The path of this decision to perform Rajasuya is worthy of understanding. Firstly, there is a divine message. It is Devarshi Narada who, on his own, appears to seed the thought. Narada requires an opportune time.

The Pandavas had already gone through a round of fire and established themselves as worthy princes in every way. In valour, righteousness, austerity, conduct and knowledge they were exemplary. In addition, they had created a kingdom overpowering even the heavenly forces.

That is a great metaphor for their ability to create a new world. Divinity was on their side beyond the heavenly forces. Hence, Yudhisthira, their exemplary representative, most deserved to perform the Rajasuya.

They may have earned it in their journey. They may have divinity on their side. There must be a personal dimension to it. Space for that has to be created by personal orientations. Yudhishtira’s personal orientation was Truth, Dharma and the great tradition of Kuruvamsha. King Harishchandra was an embodiment of both from the past.

No wonder Yudhishtira chose to be curious of his presence in Indra Sabha. That touched an aspect of Yudhisthira’s core. Being next to Harischandra is to achieve excellence in those aspects that he desired most. Yudhishthira mentally sought to belong to the tradition of Harishchandra.

However, there is a physical and emotional lineage to which he belonged to fundamentally. It is the lineage and tradition of Kuruvamsha. The tradition spoke to him through King Pandu. Lineage and ancestry always creates a greater sense of purpose, sometimes more than the personal. Without fulfilling the ancestral debt, Purushartha sadhana is near impossible.

These emotional factors created a space in Yudhisthira that Divinity could occupy. It is from here that he could leap towards a bigger purpose. It is Pandu’s wish and Harishchandra’s glory that churned Yudhishthira to seriously consider performing Rajasuya.

With the inner world now firmly seeking glory, it is the outer world that had to consent. Yudhisthira had many concentric worlds outside of him. His many rounds of consultation hold a mirror to what Tradition expected from great Kings.

Through his consultations Yudhishthira not only overcame his self-doubts but also rallied around the entire ecosystem towards the cause. There was now a stake in it for everybody.

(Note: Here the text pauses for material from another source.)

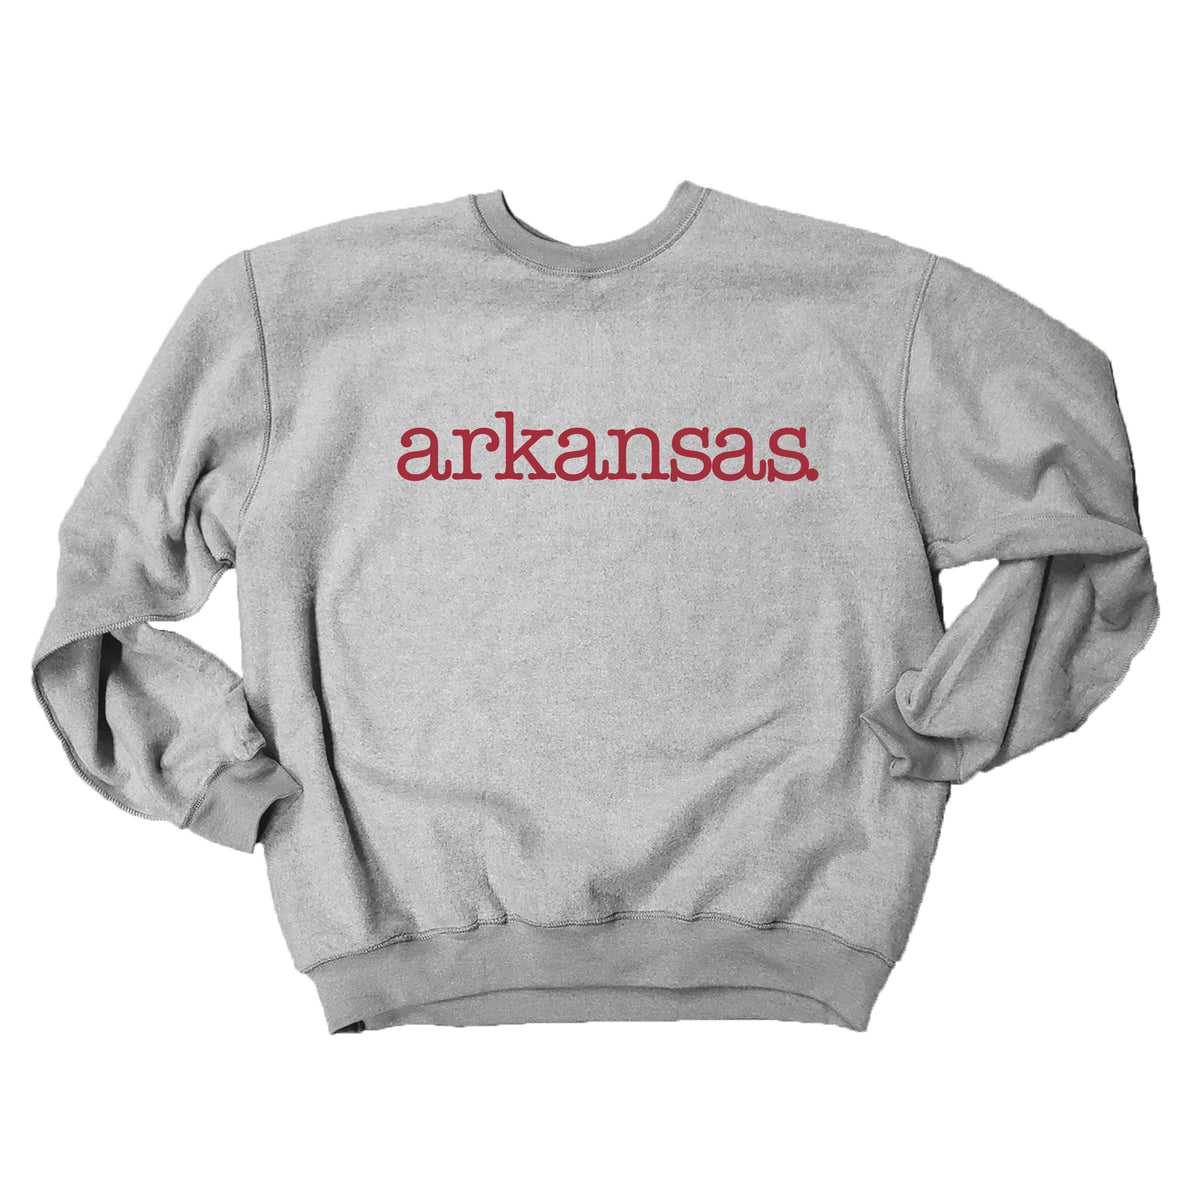 Arkansas. inverted Sweatshirt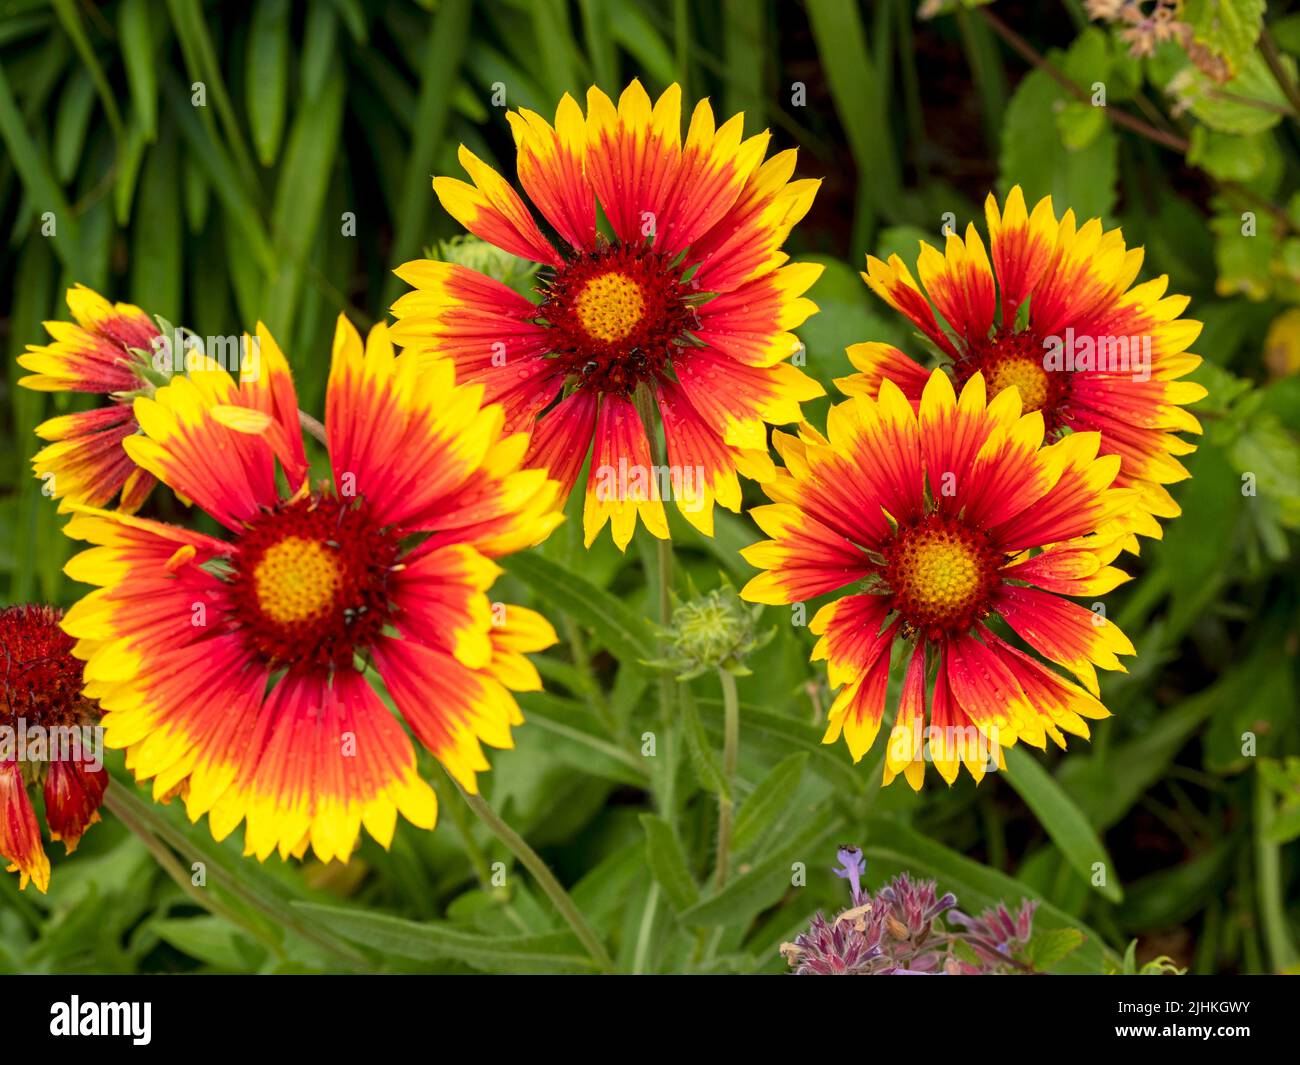 Bright and pretty Gaillardia blanket flowers in a garden Stock Photo

Finally, extraordinary feats require a greater sense of purpose in the present. Personal ambition, one’s deserving and one’s readiness are not enough. A deep problem in the present ought to be solved. That must serve the cause of Dharma significantly.

Rajasuya ought to be performed for Dharmasamsthapana and Lokasangraha. Divinity follows such a purpose. Srikrishna establishes these elements for the Rajasuya to be performed.

The deserving must perform Rajasuya. If a Yudhishthira does not perform Rajasuya, a Jarasandha reigns supreme. Yudhishthira just needed to be convinced that there was a purpose bigger than his ambition to perform Rajasuya and that he had the ability to do so, apart from Divinity being on his side.

In summary, we must carry our purpose with the purpose of the universe. If that is right, Divinity will recognize it. With perseverance, it becomes a Divine purpose.